● Required action
Write each line out exactly, from the one containing "オーケストラのファンファーレ。ゲーム等にの未再生の波形" through the final line of the data, and keep pictures out of the copy.

● Supplied data

*** Begin section ***

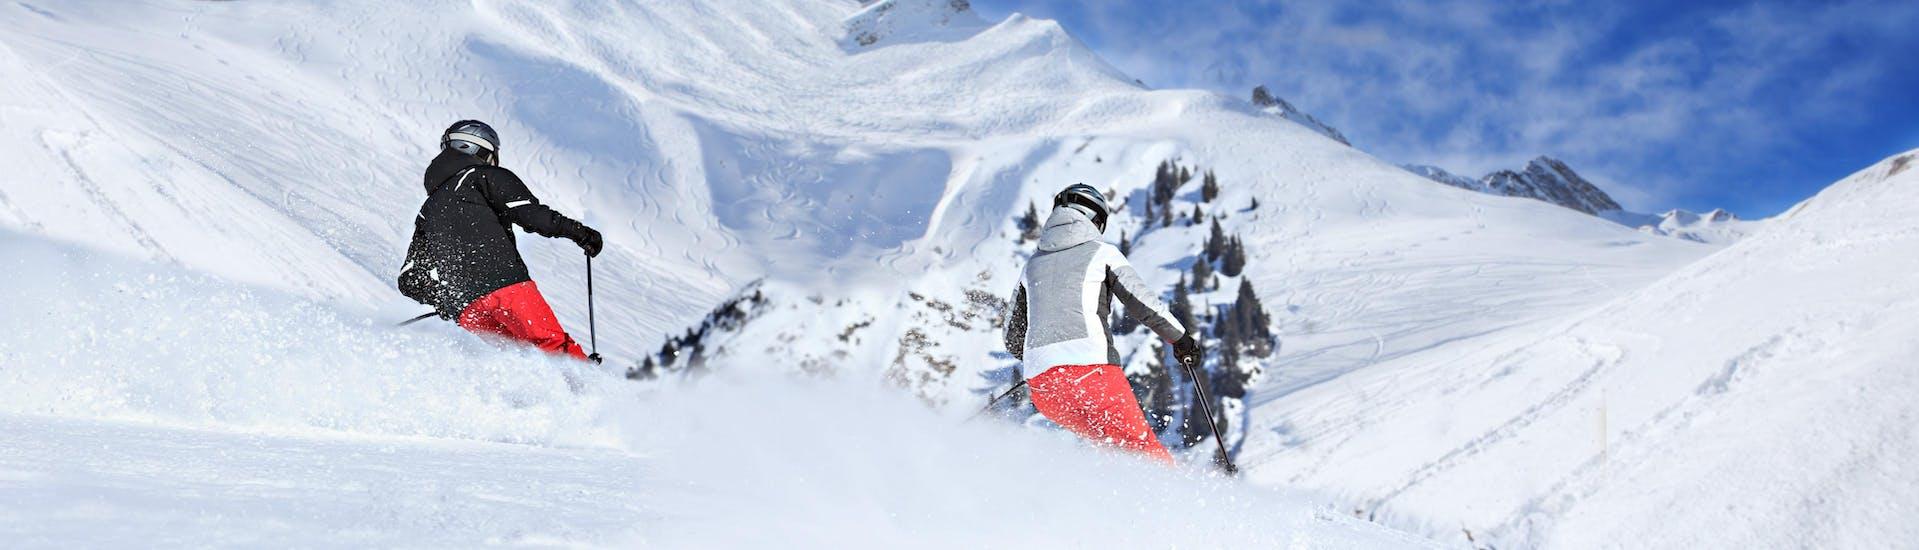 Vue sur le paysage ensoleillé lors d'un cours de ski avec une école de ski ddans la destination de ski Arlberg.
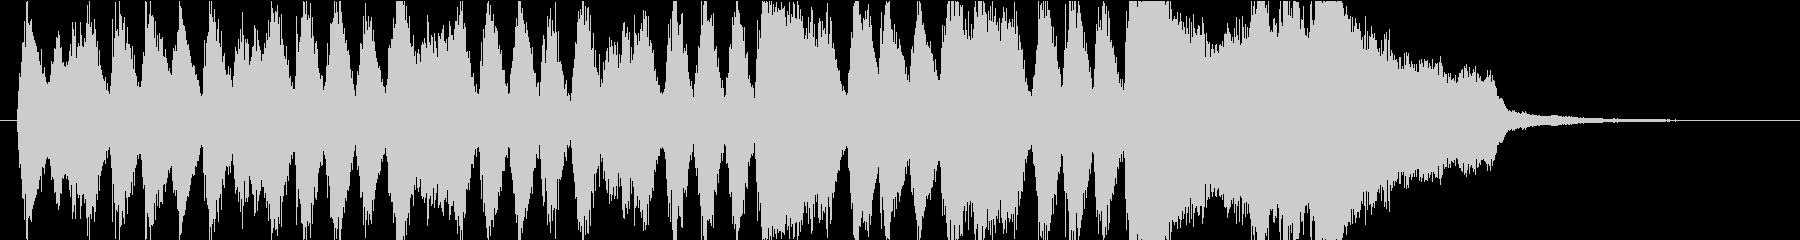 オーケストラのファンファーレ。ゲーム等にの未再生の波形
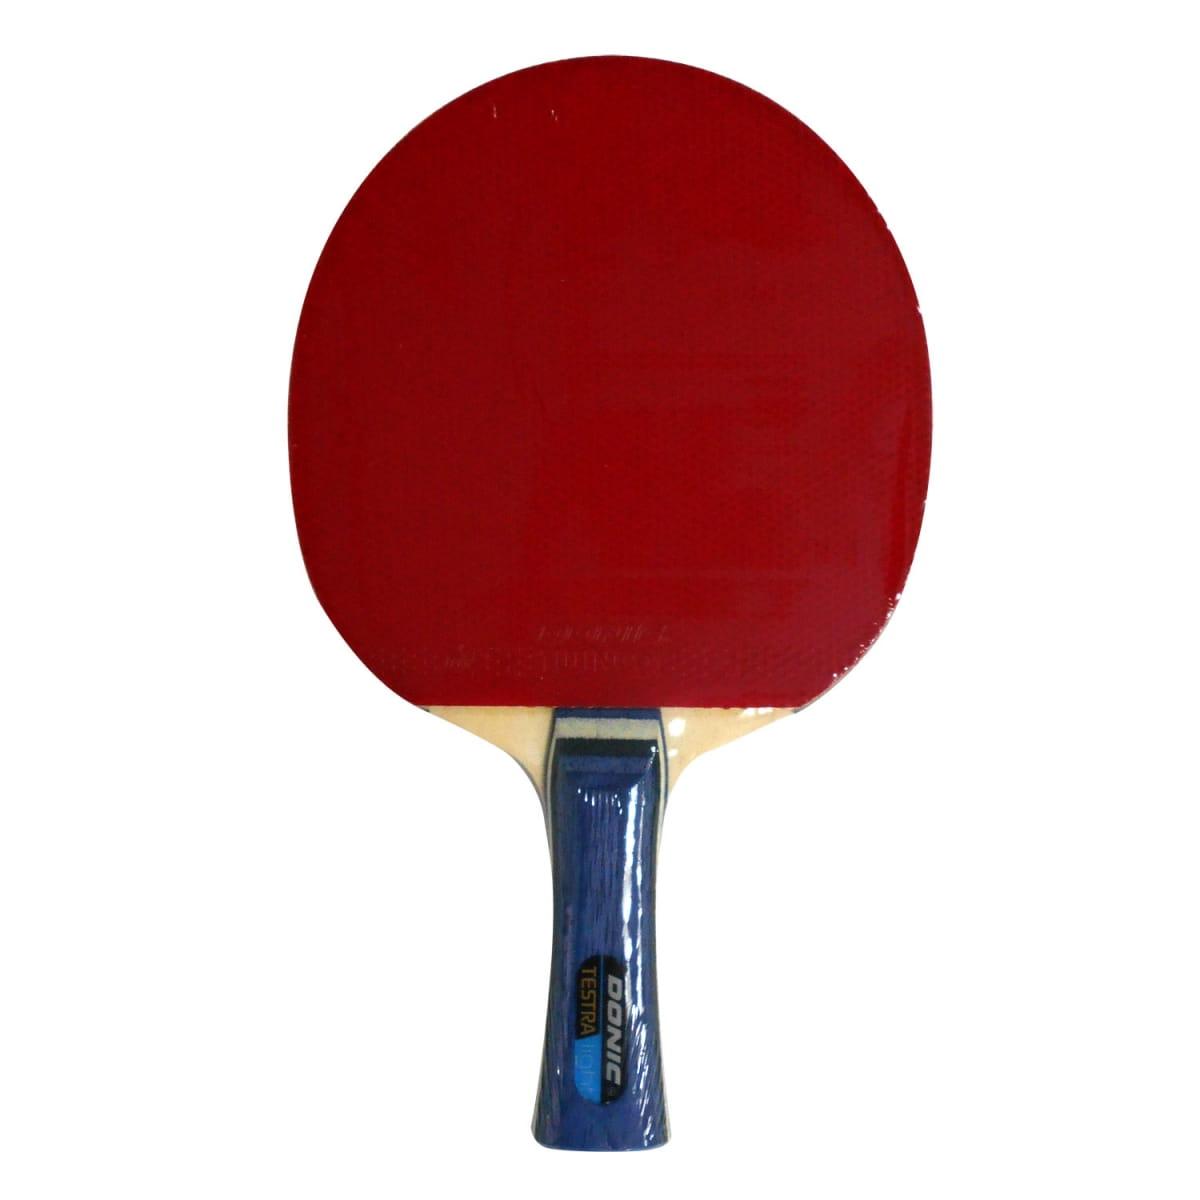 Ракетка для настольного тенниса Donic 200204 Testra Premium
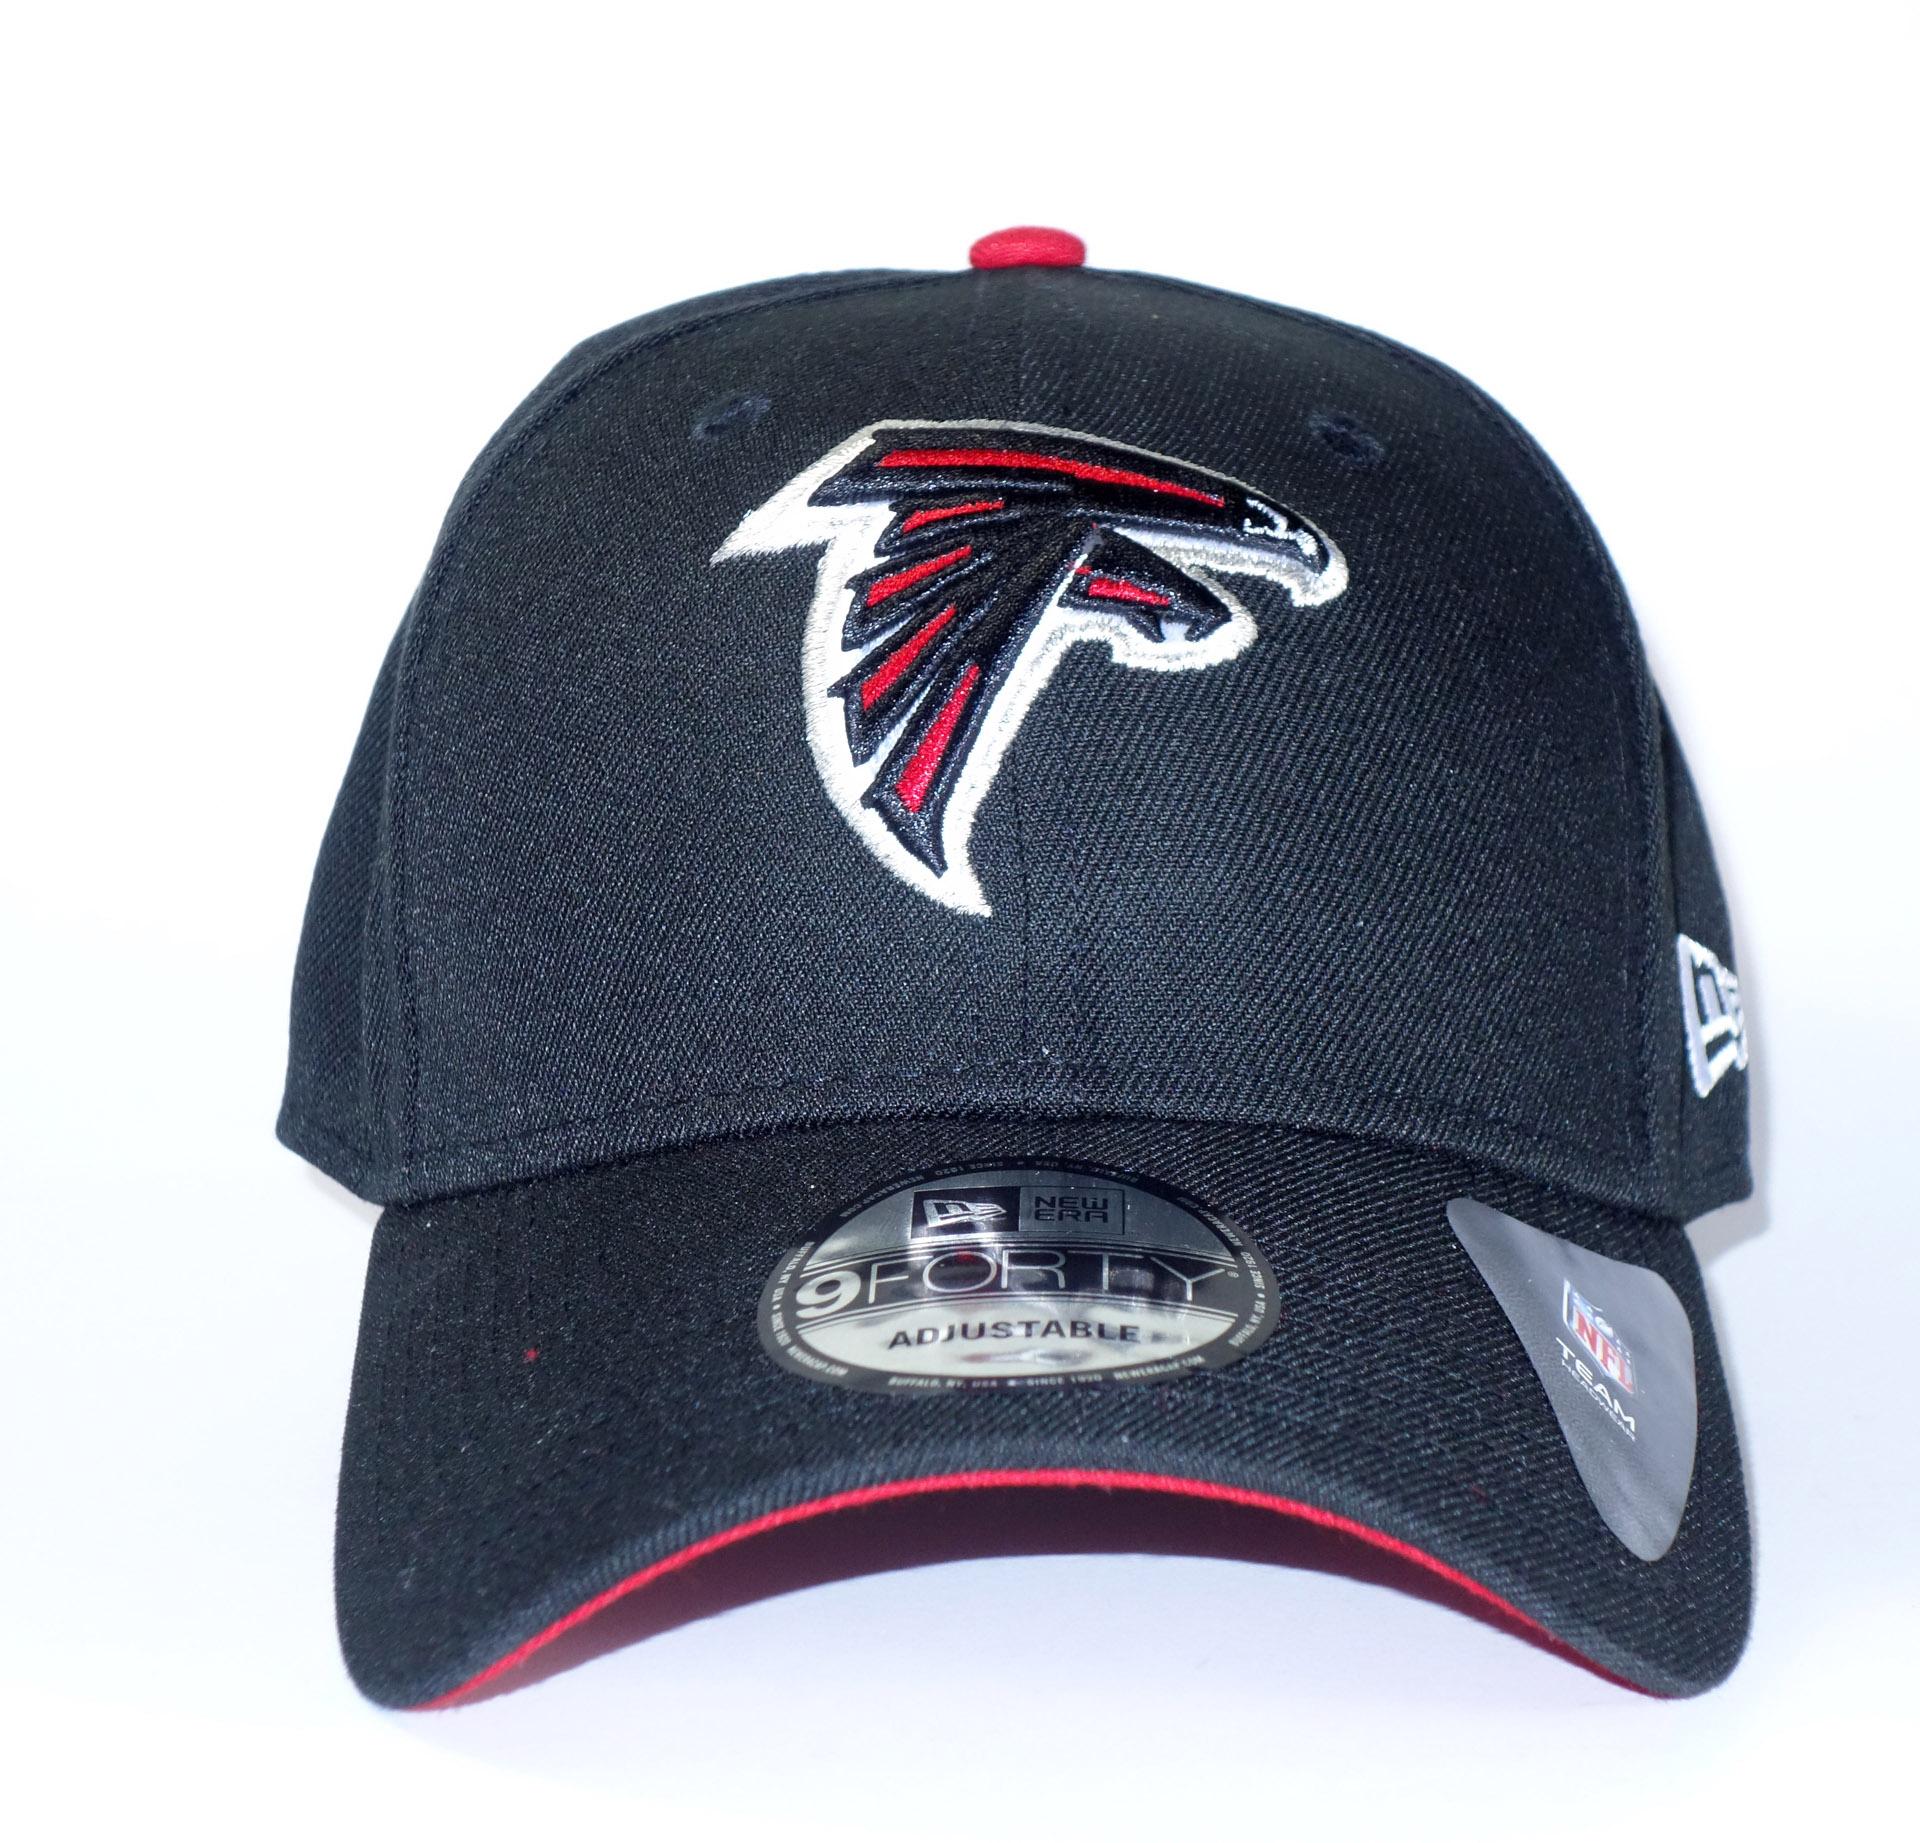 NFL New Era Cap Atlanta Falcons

*** End section ***

● Written solution
 オーケストラのファンファーレ。ゲーム等にの未再生の波形
 Ракетка для настольного тенниса Donic 200204 Testra Premium
 NFL New Era Cap Atlanta Falcons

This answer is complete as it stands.